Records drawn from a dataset
^^^^^^^^
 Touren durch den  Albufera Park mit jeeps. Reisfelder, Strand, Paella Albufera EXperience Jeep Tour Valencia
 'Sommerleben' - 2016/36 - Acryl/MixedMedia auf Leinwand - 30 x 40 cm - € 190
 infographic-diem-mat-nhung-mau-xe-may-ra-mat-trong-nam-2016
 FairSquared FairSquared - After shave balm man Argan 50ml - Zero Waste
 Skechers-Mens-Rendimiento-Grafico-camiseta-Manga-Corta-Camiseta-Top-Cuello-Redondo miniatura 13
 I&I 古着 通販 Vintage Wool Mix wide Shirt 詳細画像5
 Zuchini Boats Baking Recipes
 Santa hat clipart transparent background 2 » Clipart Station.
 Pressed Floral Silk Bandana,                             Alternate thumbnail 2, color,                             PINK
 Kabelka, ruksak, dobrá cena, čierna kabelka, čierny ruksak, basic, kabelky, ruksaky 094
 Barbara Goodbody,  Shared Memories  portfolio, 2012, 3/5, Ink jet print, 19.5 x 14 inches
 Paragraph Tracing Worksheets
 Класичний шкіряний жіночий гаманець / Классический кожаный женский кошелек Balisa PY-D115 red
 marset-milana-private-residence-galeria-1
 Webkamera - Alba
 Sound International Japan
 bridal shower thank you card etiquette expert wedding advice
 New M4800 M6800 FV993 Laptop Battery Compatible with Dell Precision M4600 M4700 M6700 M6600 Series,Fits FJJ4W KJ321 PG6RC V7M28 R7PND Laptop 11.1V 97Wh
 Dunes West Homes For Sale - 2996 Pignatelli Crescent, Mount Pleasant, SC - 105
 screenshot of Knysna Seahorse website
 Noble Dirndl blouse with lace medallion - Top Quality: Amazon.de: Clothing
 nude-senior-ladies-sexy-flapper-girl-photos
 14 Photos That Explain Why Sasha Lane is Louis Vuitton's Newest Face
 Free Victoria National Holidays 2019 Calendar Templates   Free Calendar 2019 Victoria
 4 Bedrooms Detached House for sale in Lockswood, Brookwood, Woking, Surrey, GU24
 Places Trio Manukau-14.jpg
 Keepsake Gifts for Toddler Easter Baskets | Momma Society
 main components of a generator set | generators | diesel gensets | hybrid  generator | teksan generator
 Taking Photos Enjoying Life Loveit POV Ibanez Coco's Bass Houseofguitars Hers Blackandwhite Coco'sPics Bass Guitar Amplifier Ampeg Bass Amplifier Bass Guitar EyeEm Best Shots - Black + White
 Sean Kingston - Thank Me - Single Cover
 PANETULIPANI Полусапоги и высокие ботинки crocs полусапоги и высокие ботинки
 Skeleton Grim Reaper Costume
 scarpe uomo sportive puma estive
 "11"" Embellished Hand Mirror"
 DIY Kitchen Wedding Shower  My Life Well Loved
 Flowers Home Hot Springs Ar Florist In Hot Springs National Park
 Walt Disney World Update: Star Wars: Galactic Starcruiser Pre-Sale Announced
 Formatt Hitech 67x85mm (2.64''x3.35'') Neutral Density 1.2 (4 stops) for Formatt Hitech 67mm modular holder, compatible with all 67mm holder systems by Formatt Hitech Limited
^^^^^^^^
_Task directions_
Verbatim output is expected for the lines from the start of the data to the line in which "FairSquared FairSquared - After" appears, both included.

_Written solution_
 Touren durch den  Albufera Park mit jeeps. Reisfelder, Strand, Paella Albufera EXperience Jeep Tour Valencia
 'Sommerleben' - 2016/36 - Acryl/MixedMedia auf Leinwand - 30 x 40 cm - € 190
 infographic-diem-mat-nhung-mau-xe-may-ra-mat-trong-nam-2016
 FairSquared FairSquared - After shave balm man Argan 50ml - Zero Waste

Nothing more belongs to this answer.